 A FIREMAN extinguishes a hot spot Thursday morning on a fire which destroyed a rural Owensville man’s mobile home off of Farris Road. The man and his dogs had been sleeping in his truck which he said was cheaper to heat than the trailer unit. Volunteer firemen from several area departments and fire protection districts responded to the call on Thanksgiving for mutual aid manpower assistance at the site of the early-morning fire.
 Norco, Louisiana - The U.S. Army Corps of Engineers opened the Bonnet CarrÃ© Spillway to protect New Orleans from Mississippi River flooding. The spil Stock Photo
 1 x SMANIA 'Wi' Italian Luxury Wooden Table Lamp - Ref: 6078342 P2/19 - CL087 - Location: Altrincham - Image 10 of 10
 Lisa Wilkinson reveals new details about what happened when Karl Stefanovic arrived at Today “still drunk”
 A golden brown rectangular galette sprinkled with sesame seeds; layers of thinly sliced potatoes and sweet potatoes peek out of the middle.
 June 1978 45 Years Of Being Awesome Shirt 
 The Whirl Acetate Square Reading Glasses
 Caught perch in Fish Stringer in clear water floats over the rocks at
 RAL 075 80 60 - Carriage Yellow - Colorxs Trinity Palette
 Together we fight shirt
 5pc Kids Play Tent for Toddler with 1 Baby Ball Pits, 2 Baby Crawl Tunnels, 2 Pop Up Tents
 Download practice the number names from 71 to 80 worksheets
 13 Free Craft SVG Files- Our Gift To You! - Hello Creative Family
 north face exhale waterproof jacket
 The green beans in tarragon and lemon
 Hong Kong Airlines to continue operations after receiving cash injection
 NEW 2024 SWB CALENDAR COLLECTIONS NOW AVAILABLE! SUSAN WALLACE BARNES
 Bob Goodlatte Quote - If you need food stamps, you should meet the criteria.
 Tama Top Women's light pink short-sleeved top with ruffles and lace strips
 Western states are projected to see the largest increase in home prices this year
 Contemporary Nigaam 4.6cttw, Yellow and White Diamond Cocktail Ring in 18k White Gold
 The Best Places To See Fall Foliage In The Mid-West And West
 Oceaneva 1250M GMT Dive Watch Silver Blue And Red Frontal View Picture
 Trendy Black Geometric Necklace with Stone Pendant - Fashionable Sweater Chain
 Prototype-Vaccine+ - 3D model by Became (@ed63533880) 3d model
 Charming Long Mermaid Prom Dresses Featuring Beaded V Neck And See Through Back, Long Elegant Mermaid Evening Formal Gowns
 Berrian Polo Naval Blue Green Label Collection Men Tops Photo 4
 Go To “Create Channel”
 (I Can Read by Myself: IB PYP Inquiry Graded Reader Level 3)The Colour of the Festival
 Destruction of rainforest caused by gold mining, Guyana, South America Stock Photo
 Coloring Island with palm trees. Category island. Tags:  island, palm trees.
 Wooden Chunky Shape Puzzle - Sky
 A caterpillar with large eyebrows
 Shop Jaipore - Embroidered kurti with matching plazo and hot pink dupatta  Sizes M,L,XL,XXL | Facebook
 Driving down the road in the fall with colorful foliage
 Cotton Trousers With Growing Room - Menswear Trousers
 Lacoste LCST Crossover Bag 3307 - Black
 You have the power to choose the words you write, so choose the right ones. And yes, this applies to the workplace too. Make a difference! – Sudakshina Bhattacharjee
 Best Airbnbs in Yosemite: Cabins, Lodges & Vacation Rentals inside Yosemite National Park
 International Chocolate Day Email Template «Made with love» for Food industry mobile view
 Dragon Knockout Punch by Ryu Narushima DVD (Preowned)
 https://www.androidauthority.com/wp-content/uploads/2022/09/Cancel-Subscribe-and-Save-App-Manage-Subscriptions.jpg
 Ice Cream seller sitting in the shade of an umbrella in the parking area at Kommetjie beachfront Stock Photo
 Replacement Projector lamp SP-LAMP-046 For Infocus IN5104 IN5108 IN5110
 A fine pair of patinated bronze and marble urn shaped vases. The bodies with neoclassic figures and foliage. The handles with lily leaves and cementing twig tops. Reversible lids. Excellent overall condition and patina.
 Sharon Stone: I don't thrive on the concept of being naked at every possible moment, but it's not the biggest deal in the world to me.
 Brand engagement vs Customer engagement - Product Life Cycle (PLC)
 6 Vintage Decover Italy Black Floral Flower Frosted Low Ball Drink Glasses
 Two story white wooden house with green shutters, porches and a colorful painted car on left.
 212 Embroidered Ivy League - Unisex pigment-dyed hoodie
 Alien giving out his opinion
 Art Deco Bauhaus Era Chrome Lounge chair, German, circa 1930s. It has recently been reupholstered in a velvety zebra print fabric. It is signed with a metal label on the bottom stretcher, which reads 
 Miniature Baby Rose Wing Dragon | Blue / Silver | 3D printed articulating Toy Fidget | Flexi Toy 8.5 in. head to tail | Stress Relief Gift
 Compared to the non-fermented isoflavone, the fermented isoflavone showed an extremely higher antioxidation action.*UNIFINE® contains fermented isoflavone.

Exercise instructions:
Copy the lines that hold the word "Stone". Take them from the records above.

Problem solution:
 Trendy Black Geometric Necklace with Stone Pendant - Fashionable Sweater Chain
 Sharon Stone: I don't thrive on the concept of being naked at every possible moment, but it's not the biggest deal in the world to me.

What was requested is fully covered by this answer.